**Information provided:**
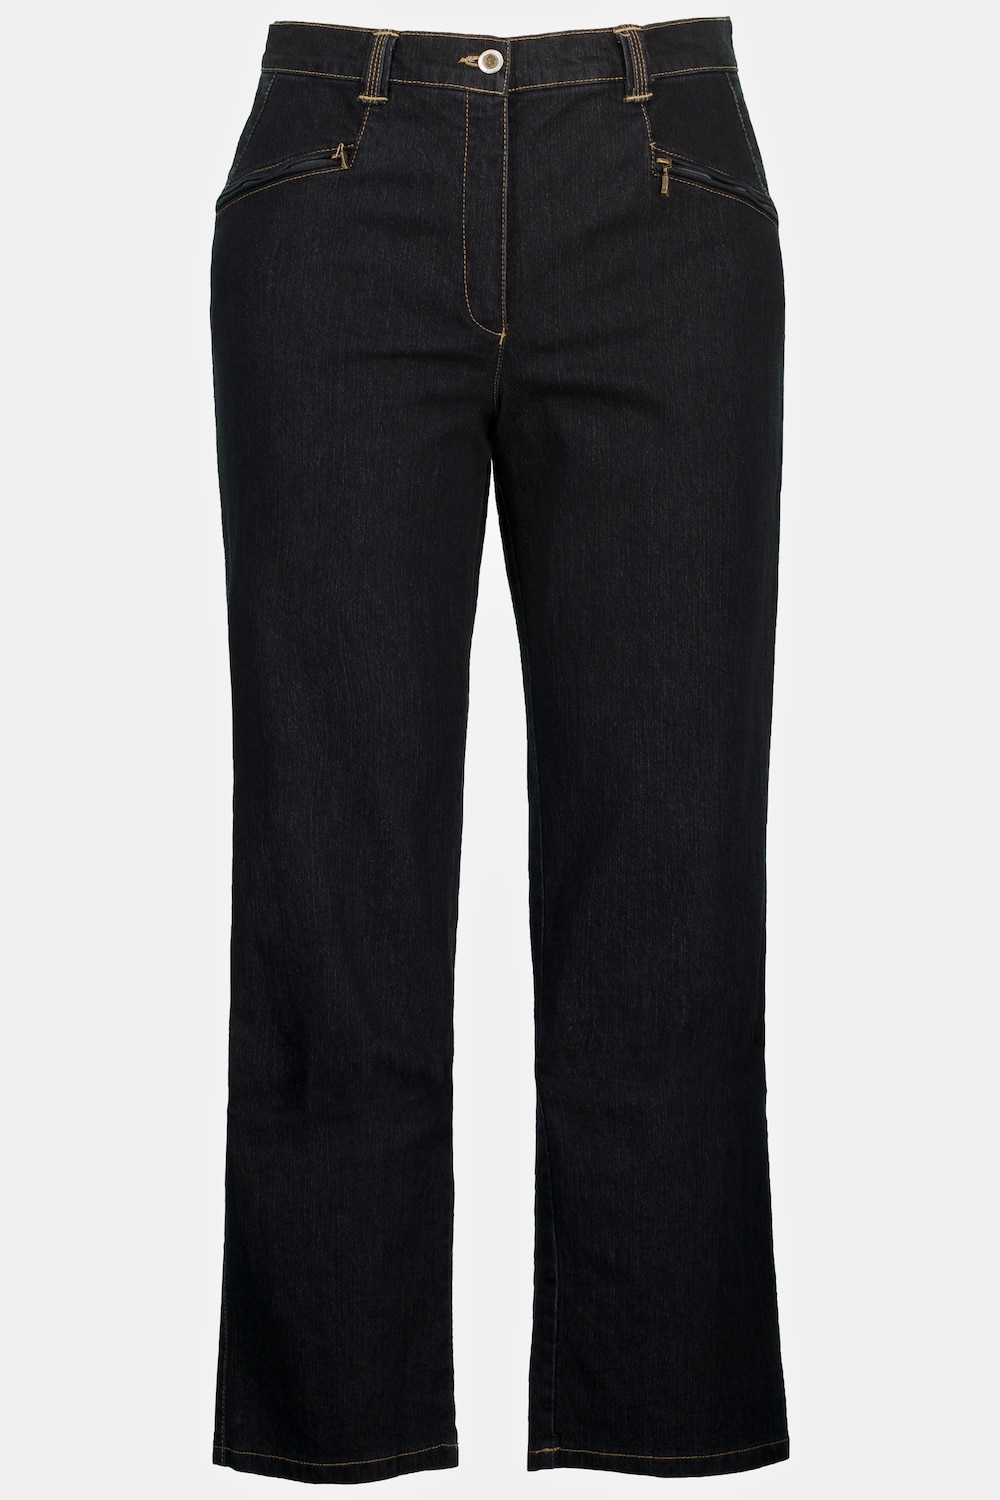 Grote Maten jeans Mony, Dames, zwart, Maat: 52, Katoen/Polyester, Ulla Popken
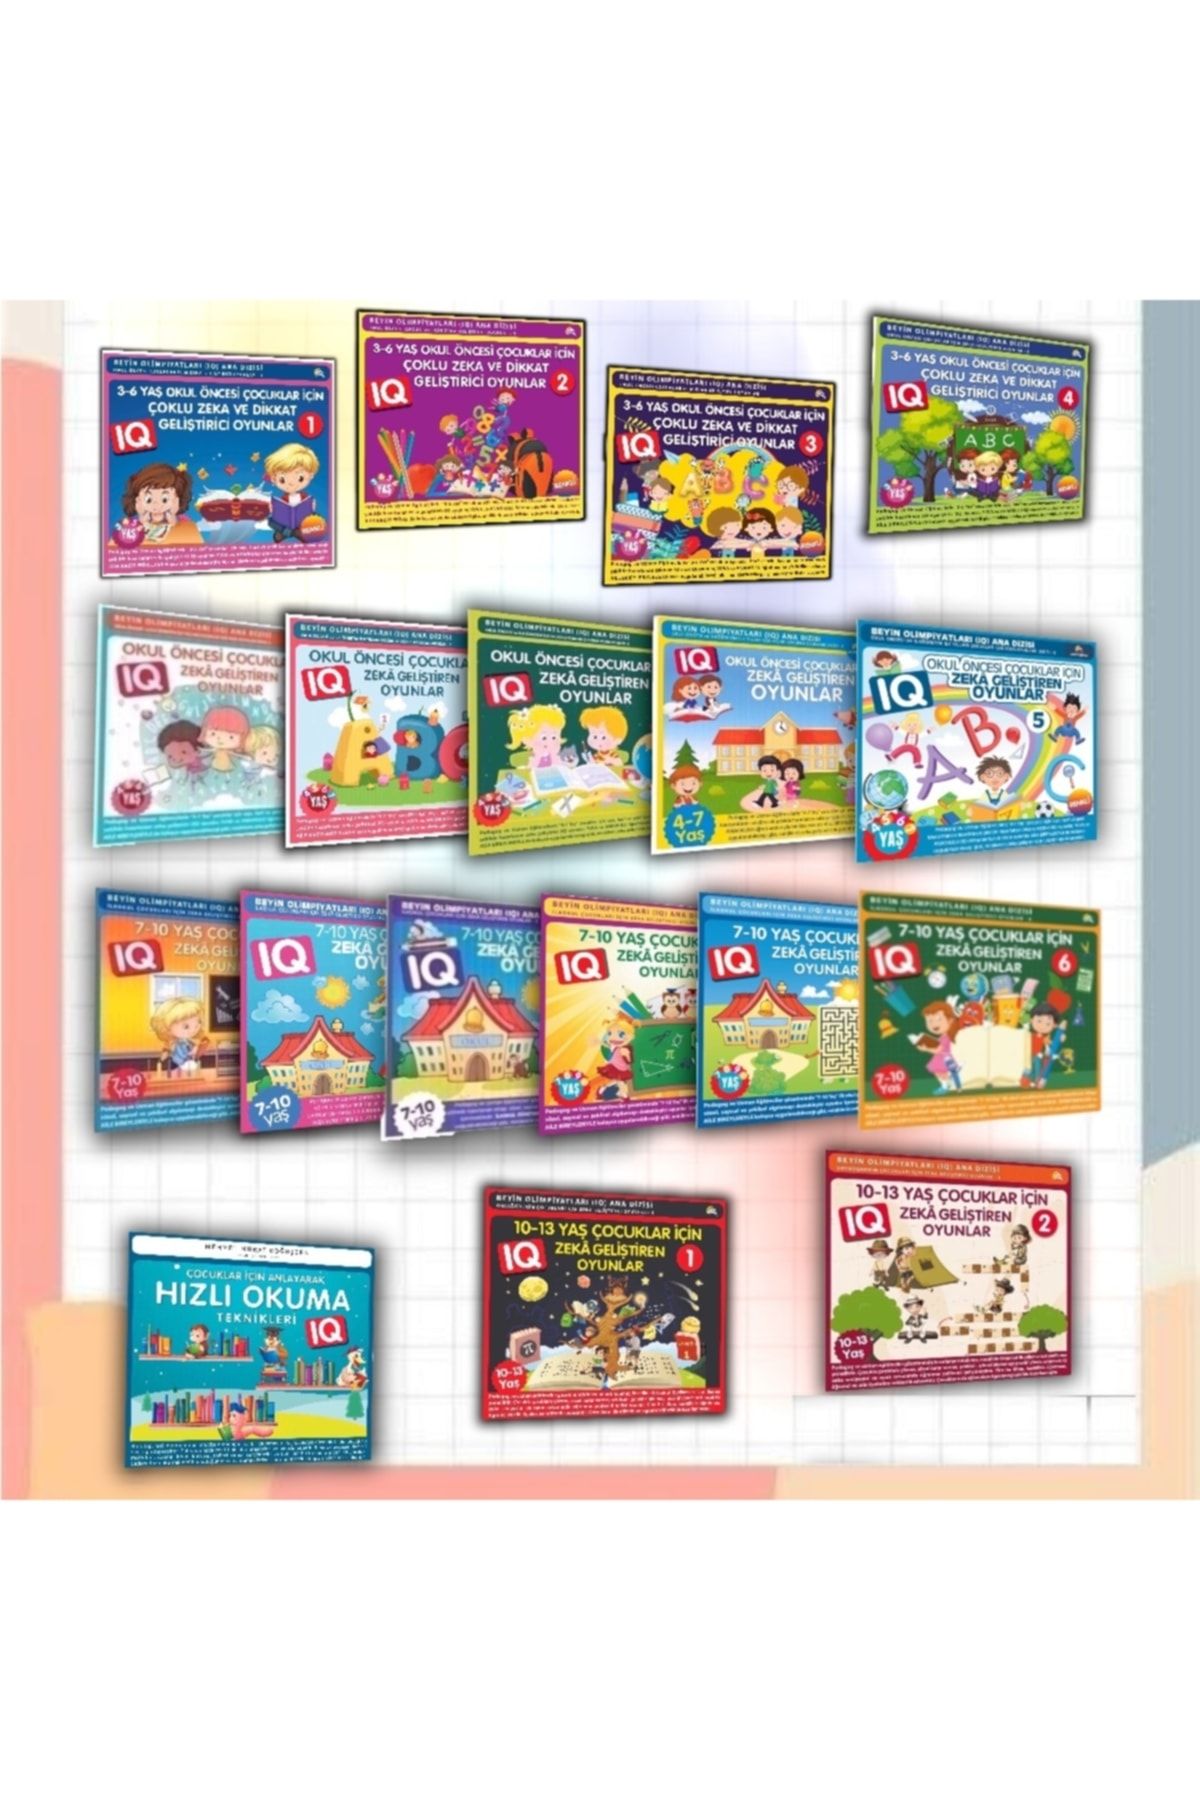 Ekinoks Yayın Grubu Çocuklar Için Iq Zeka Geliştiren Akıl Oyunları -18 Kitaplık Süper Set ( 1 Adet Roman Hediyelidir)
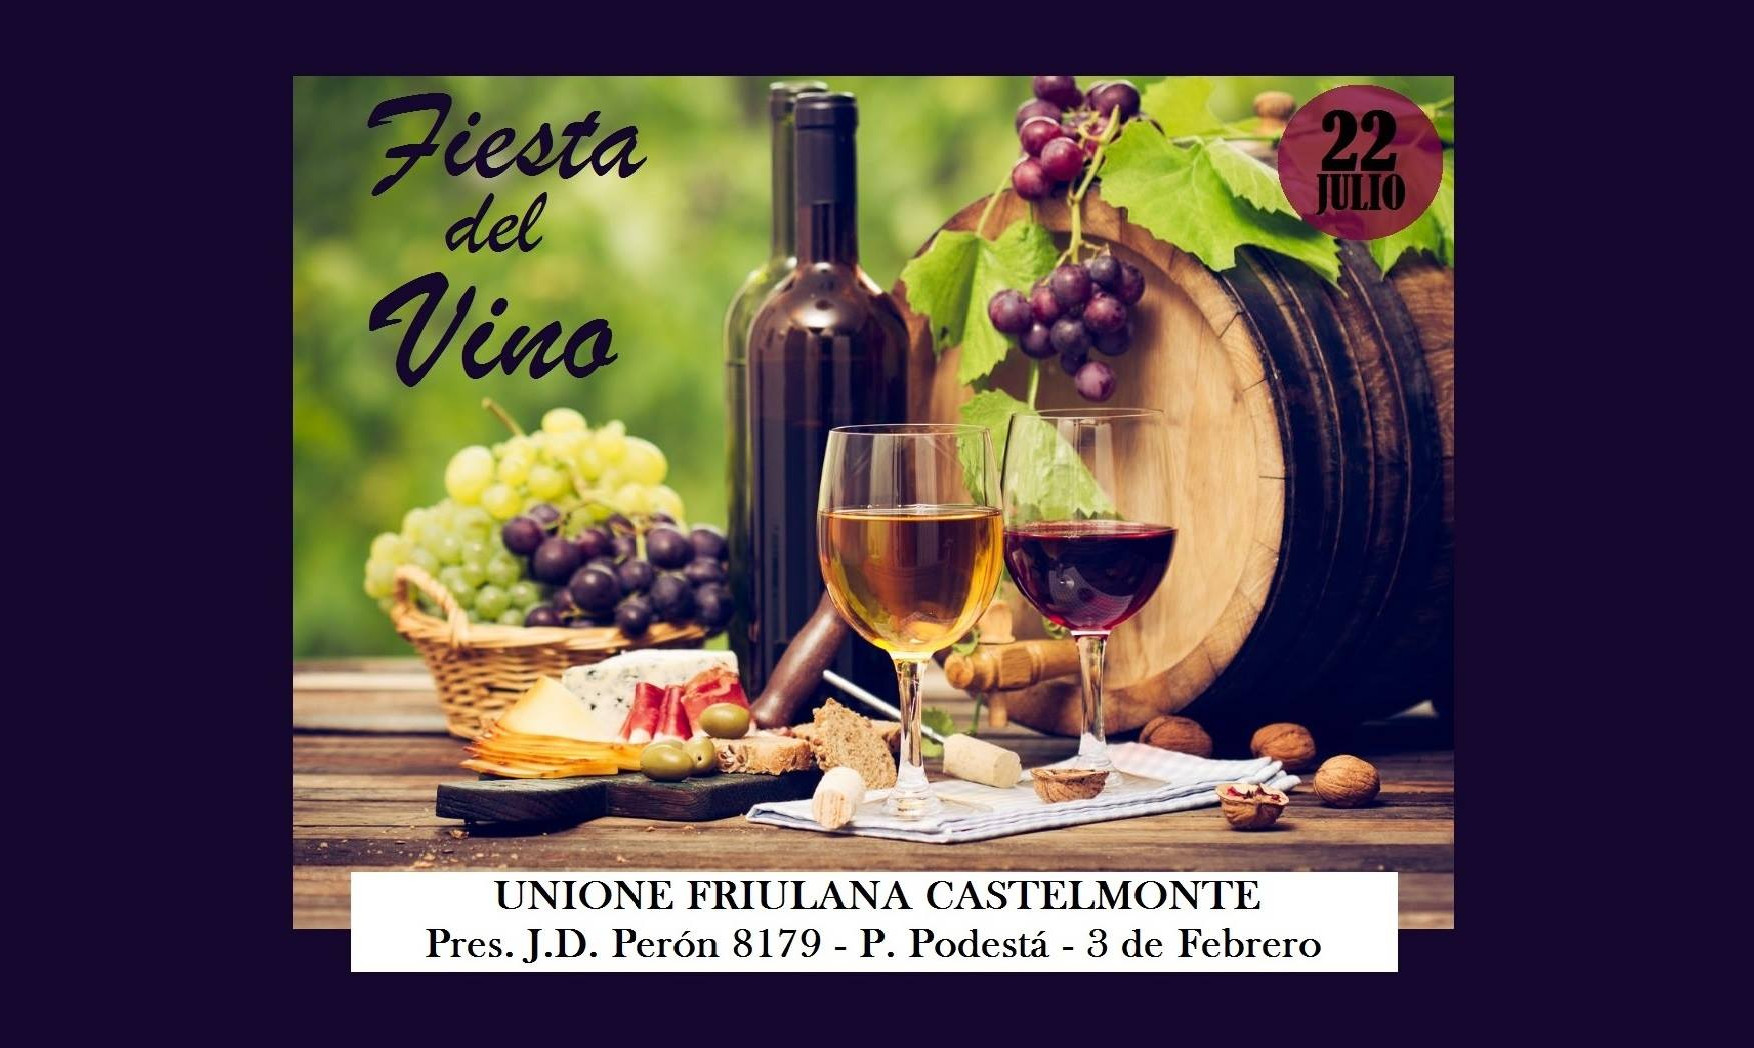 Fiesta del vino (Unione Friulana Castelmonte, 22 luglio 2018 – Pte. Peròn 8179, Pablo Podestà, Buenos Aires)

**What is being asked:**
What you return should be the exact lines from the one containing "Ekinoks Yayın Grubu" through the end of the listing above, both included, minus any pictures.

**Solved problem:**
 Ekinoks Yayın Grubu Çocuklar Için Iq Zeka Geliştiren Akıl Oyunları -18 Kitaplık Süper Set ( 1 Adet Roman Hediyelidir)
 Fiesta del vino (Unione Friulana Castelmonte, 22 luglio 2018 – Pte. Peròn 8179, Pablo Podestà, Buenos Aires)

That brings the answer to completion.